Diduga penggeledahan itu dilakukan setelah penyidik menerima sejumlah data awal mengenai indikasi penyimpangan dalam pengelolaan pajak penghasilan pegawai.
Pihak Humas RSUD dr. Mohammad Zyn Sampang, Amien Jakfar, membenarkan adanya aktivitas penggeledahan tersebut.
“Benar adanya penggeledahan oleh pihak kejaksaan. Petugas masuk ke beberapa ruangan,” ujarnya, Rabu, 03/12/2025.
Meski membenarkan adanya penggeledahan, Amien menegaskan bahwa pihak rumah sakit tidak mengetahui secara detail dokumen atau barang apa saja yang dibawa oleh penyidik.
“Mengenai berkas atau barang apa yang dibawa, kami tidak tahu. Lebih jelasnya silakan langsung ke pihak Kejaksaan Negeri Sampang,” tambahnya.
Sementara itu, aktivitas pelayanan rumah sakit tetap berlangsung seperti biasa meski sejumlah ruangan administrasi sempat mendapatkan penjagaan ketat. Beberapa pegawai terlihat dimintai keterangan internal saat proses penggeledahan berlangsung.
Kasus dugaan penggelapan pajak senilai Rp3,3 miliar tersebut mencuat setelah ditemukan adanya selisih setoran pajak pegawai dengan data internal rumah sakit.

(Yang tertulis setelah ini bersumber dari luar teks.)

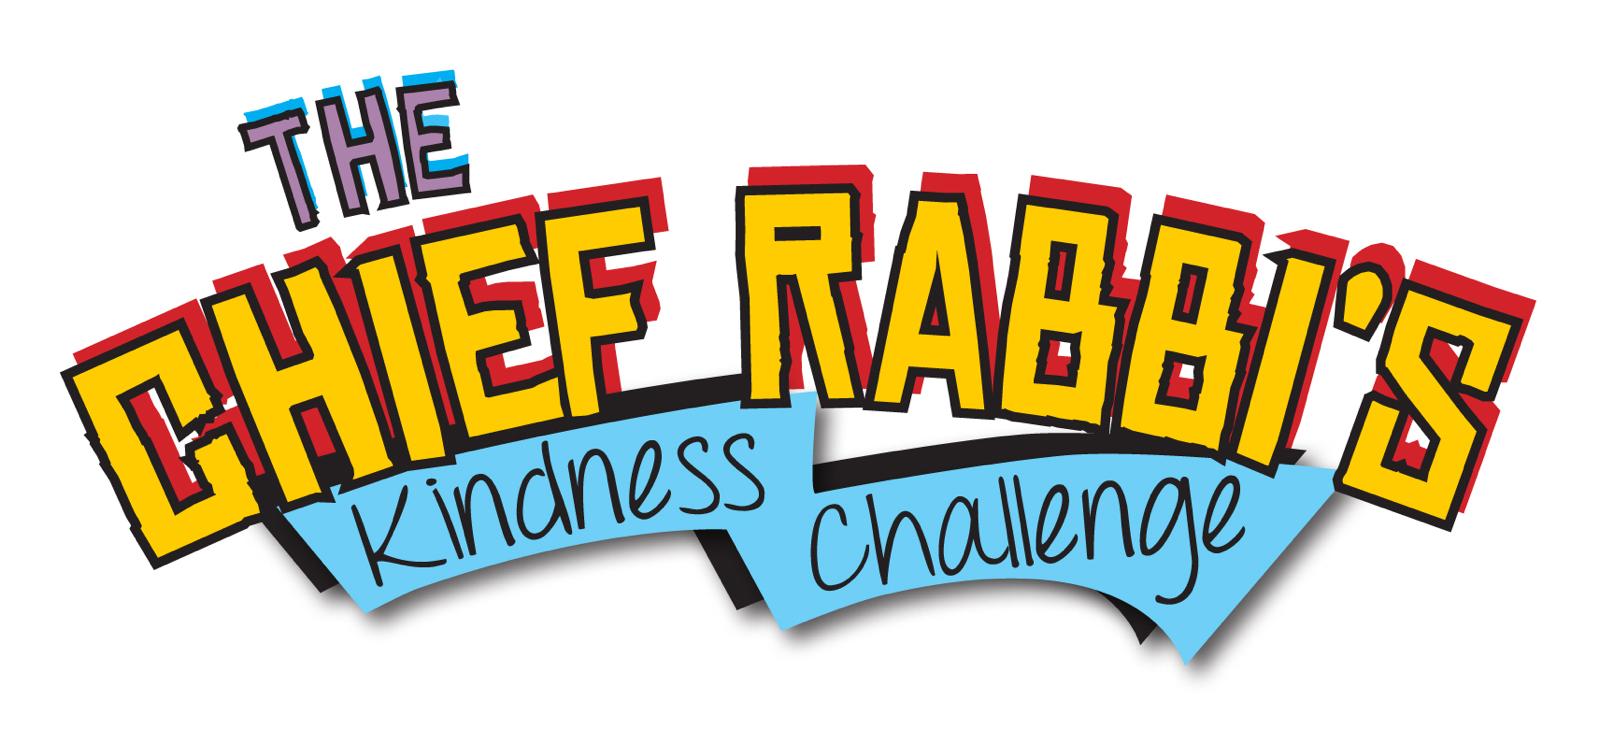 Chief Rabbi Challenge

Temuan itu kemudian dilaporkan dan kini masuk dalam tahap penyidikan Kejari Sampang.
Namun hingga berita ini diturunkan, Kasi Intel Kejaksaan Negeri Sampang belum memberikan respon terkait penggeledahan maupun perkembangan penyidikan. Pesan konfirmasi awak media belum mendapat tanggapan resmi.
Publik kini menanti penjelasan lengkap dari Kejari Sampang mengenai hasil penggeledahan tersebut. Masyarakat berharap kasus dugaan penggelapan pajak ini dapat dibuka secara transparan sebagai bentuk akuntabilitas pengelolaan keuangan di lingkungan pelayanan kesehatan daerah. (MLDN)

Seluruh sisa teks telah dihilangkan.